SUMBER, SC- Sejumlah warga Desa Kertasari, Kecamatan Weru, Kabupaten Cirebon mendatangi Mapolresta Cirebon, Selasa (17/11).
Kedatangan mereka ke Mapolresta Cirebon guna meminta audiensi dengan Kapolresta Cirebon terkait laporan dugaan pungutan liar (Pungli) Program Tanah Sistematis Lengkap (PTSL) di desa tersebut, pada tahun 2018 lalu.
Juru bicara warga setempat, Hasan (60) mengatakan, kedatangan mereka disambut baik pihak Polresta Cirebon.
“Alhamdulillah, tadi kami disambut baik dan diarahkan pihak Polresta. Kami dijadwalkan waktu audiensi satu minggu atau minggu depan,” kata Hasan.
Menurut Hasan, permintaan audiensi dilakukan untuk menanyakan kasus yang sudah dilaporkan pihaknya tahun kemarin, tepatnya pada bulan Oktober 2019. Dalam audiensi nanti, pihaknya akan meminta aparat penegak hukum untuk memastikan ada tidaknya tindak pidana dalam kasus tersebut.
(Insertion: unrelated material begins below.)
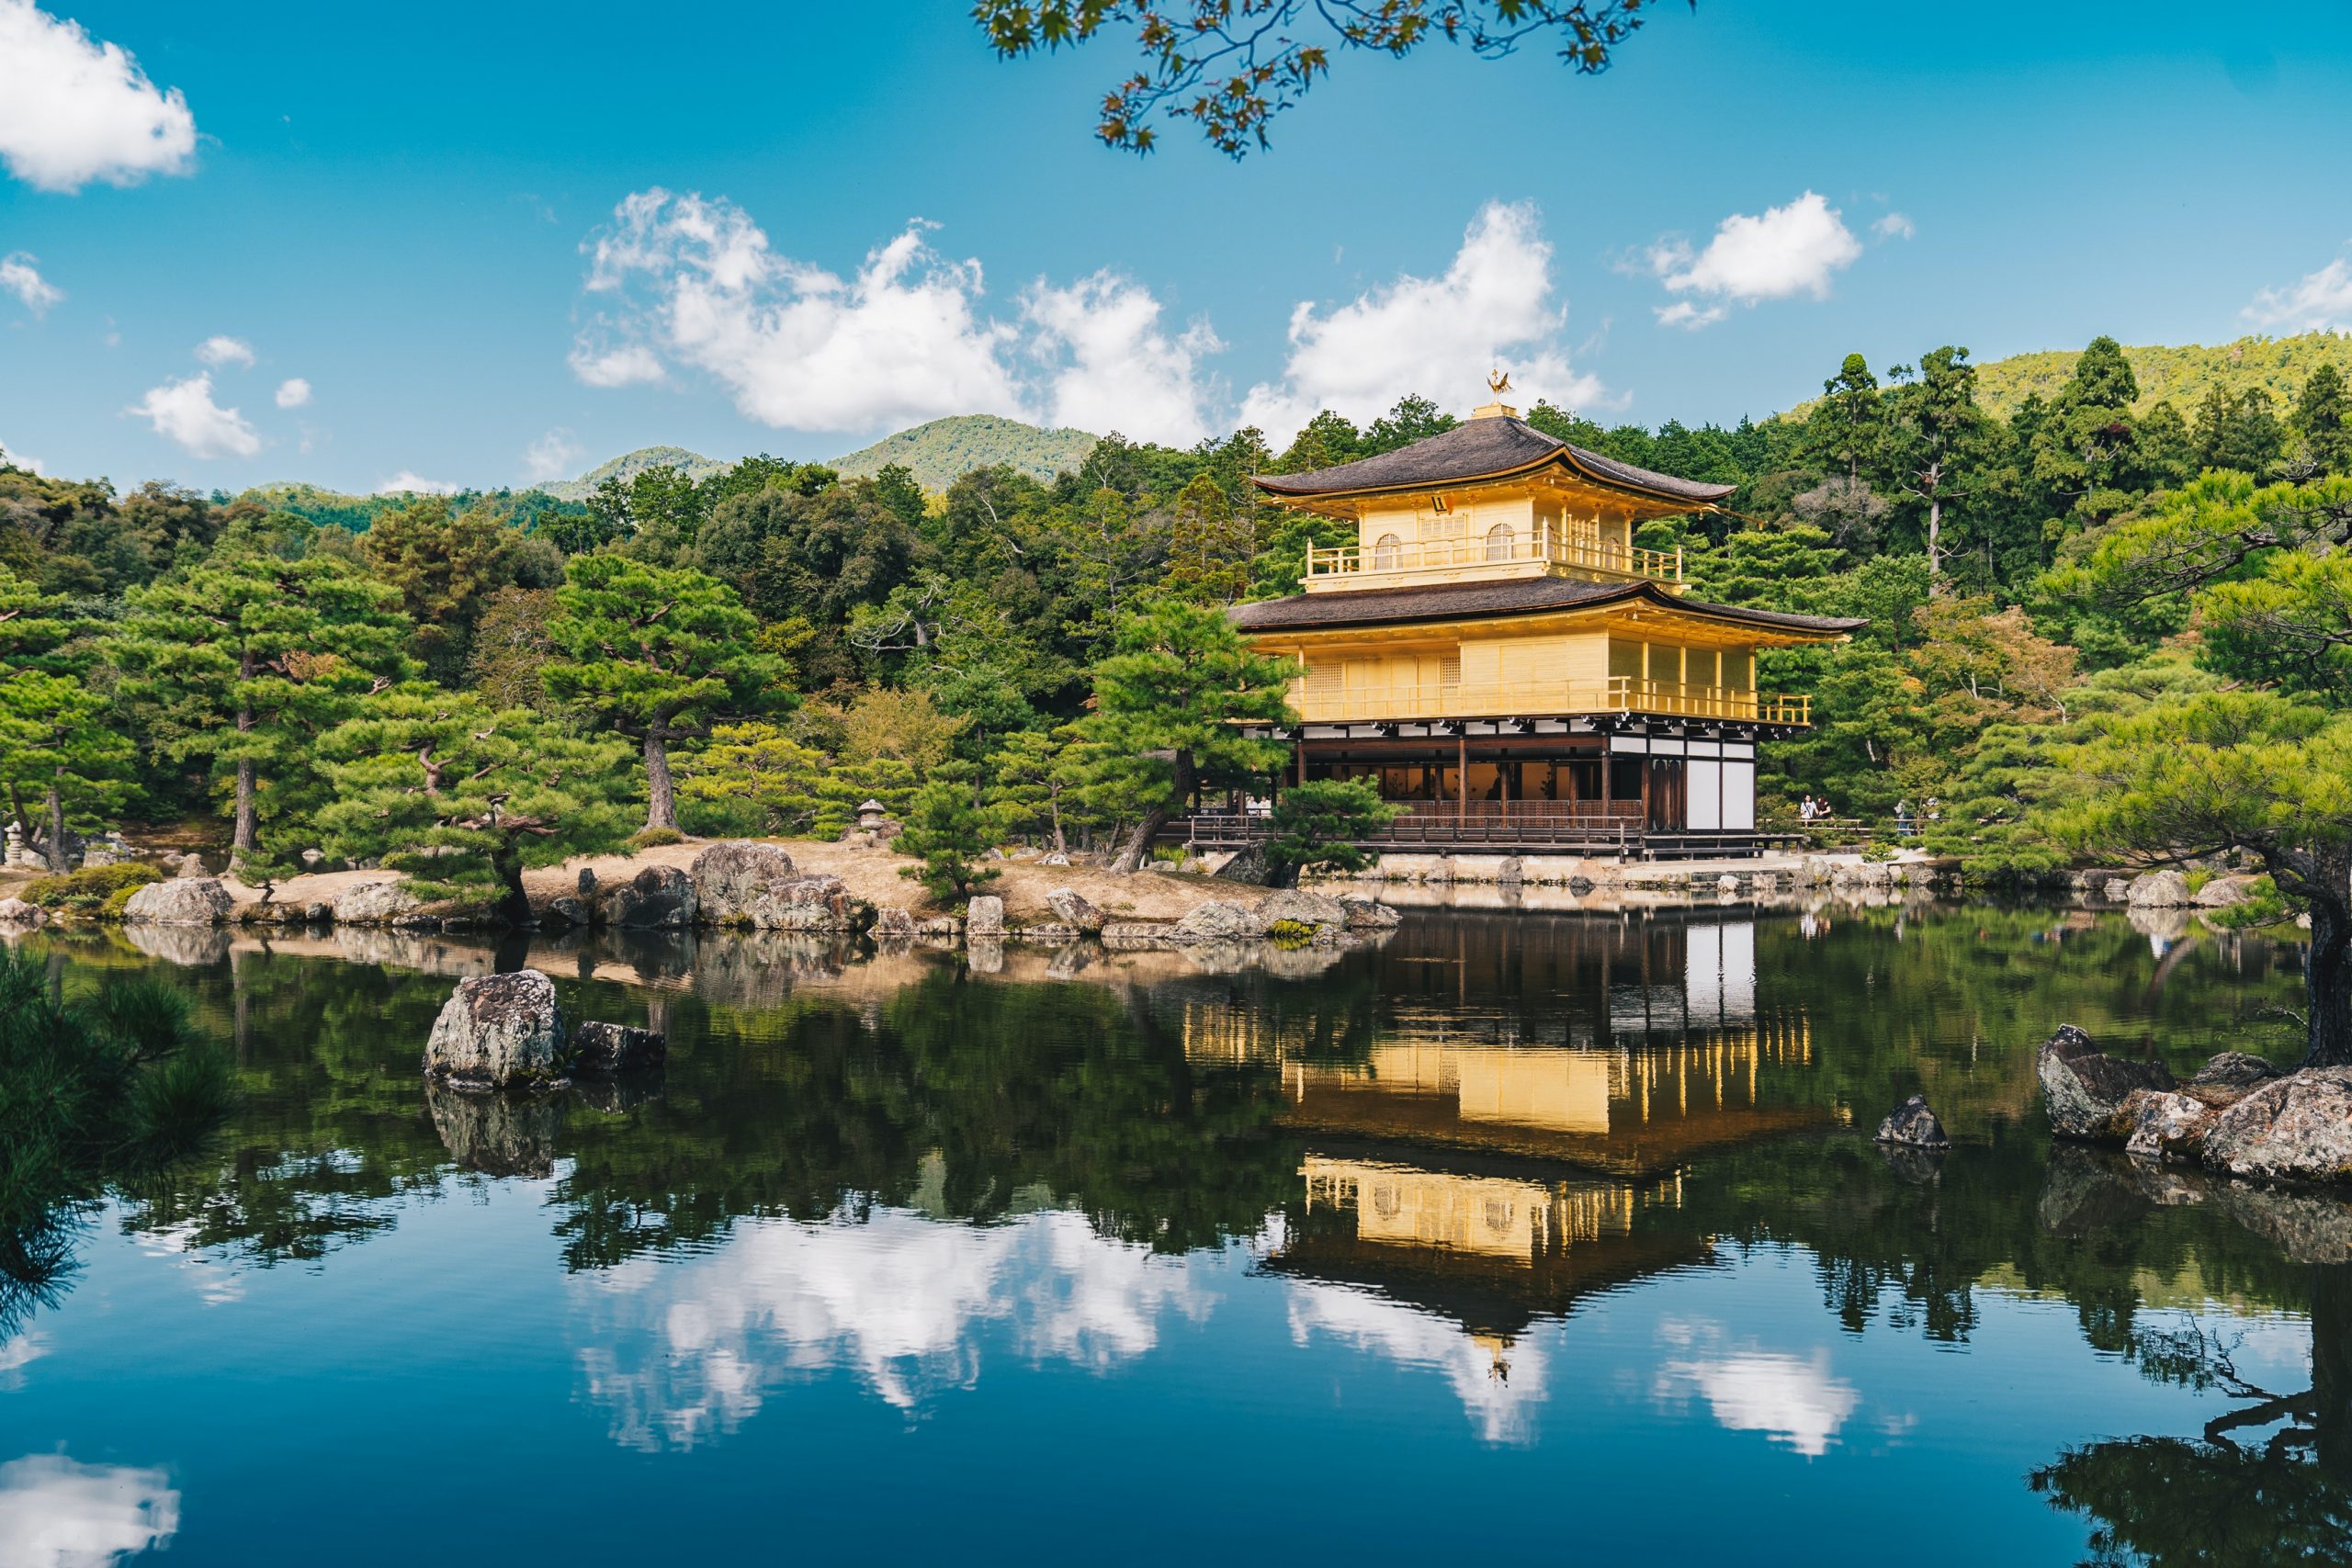 Golden pavilion in Kyoto, Japan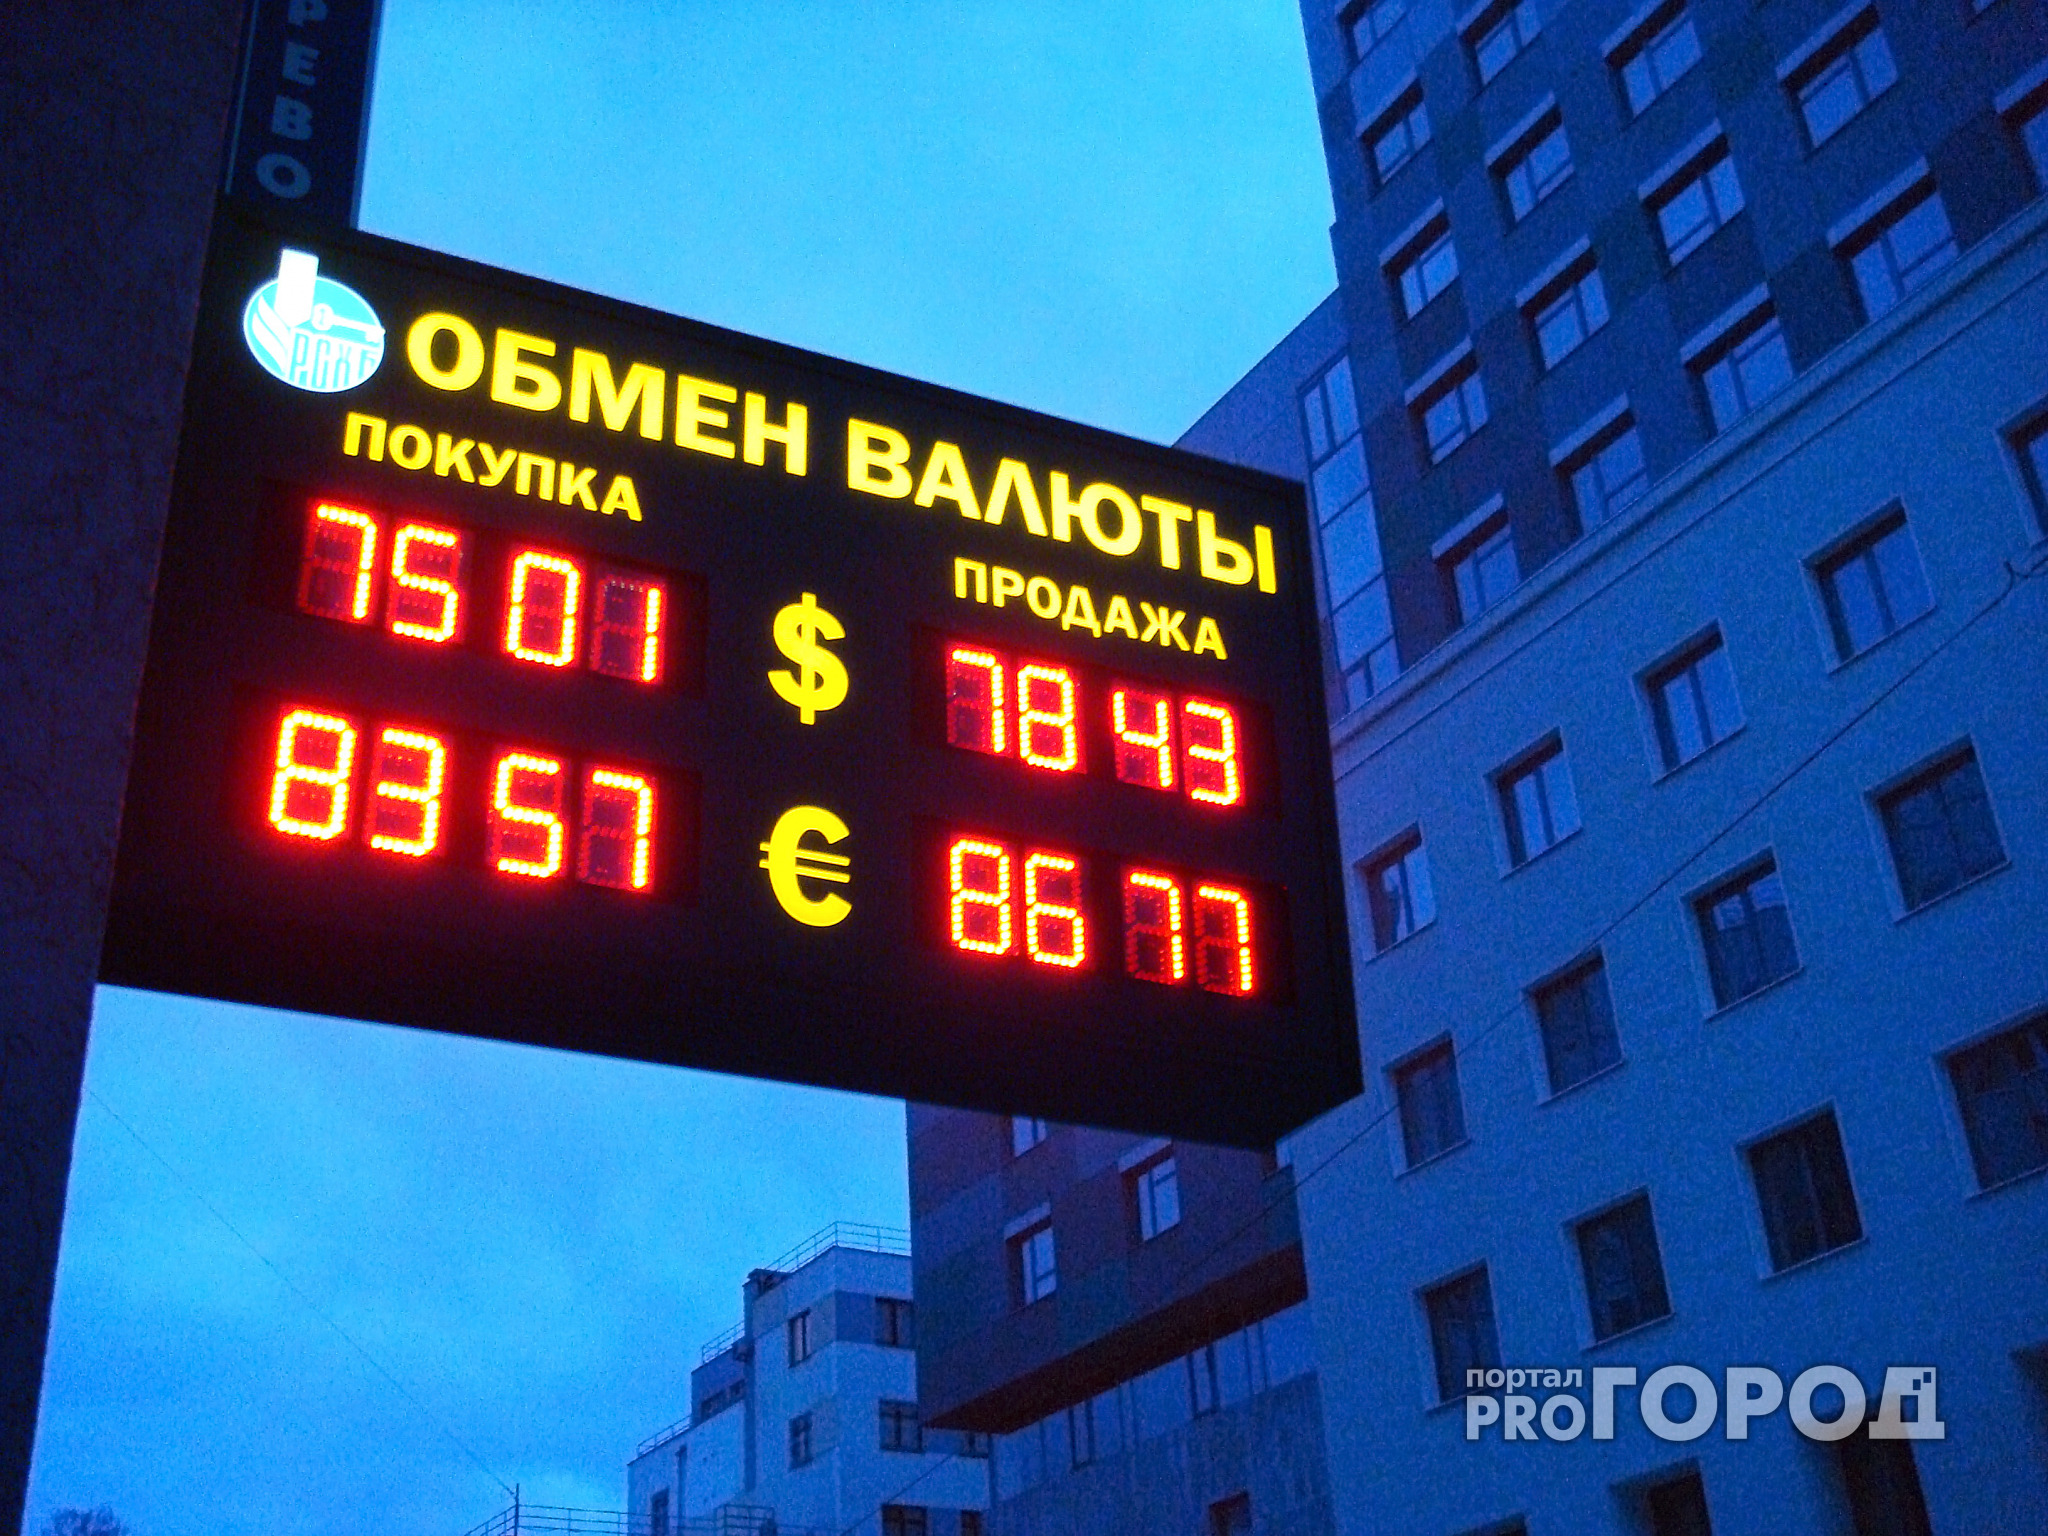 Нижегородцы не спешат скупать валюту из-за падения рубля

“Kalau tidak ada pidananya ya kami ingin pihak kepolisian segera menerbitkan SP3-nya. Sebaliknya, kalau memang ada pidananya, kami minta segera gelar perkara atau dinaikkan statusnya. Itu harapan kami,” kata Hasan.
Sejak daporkan pada bulan Oktober 2019 lalu, kata Hasan, memang poses hukumnya sudah berjalan. Bahkan, pihaknya sudah menerima Surat Pemberitahuan Perkembangan Hasil Penyelidikan (SP2HP) dari petugas Kepolisian sebanyak enam kali. SP2HP keenam atau terakhir diterima pihak pelapor pada bulan Juli 2020 kemarin.
BACA JUGA: IAIN Cirebon Dinyatakan Lulus Jadi UIN, Tinggal Tunggu Kepres
“SP2HP terkahir memanggil BPN, tapi tiga kali dipanggil tidak hadir,” papar Hasan.
Dijelaskan Hasan, kasus tersebut dilaporkan oleh warga setempat, Basri. Menurutnya, Basri melaporkan panitia PTSL karena adanya dugaan pungli di dalam pelaksanaan program tersebut. Dimana, setiap pemohon PTSL dipungut biaya bervariasi, mulai dari Rp 500 ribu, Rp 1 juta hingga Rp 2 juta. Padahal, sesuai SKB tiga Menteri, pembuatan sertifikat dalam program PTSL itu pemohon hanya dikenai biaya sebesar Rp 150 ribu.
Sementara itu Kasubag Humas Polresta Cirebon, Iptu Suwito, mengatakan, surat permohonan audiensi tersebut masih berproses untuk bisa sampai ke tangan Kapolresta. Sehingga, audiensi tidak bisa dijadwalkan secara serta merta. Melainkan harus menunggu penjadwalan waktu dari Kapolresta Cirebon setelah suratnya sampai dan dibaca Kapolresta.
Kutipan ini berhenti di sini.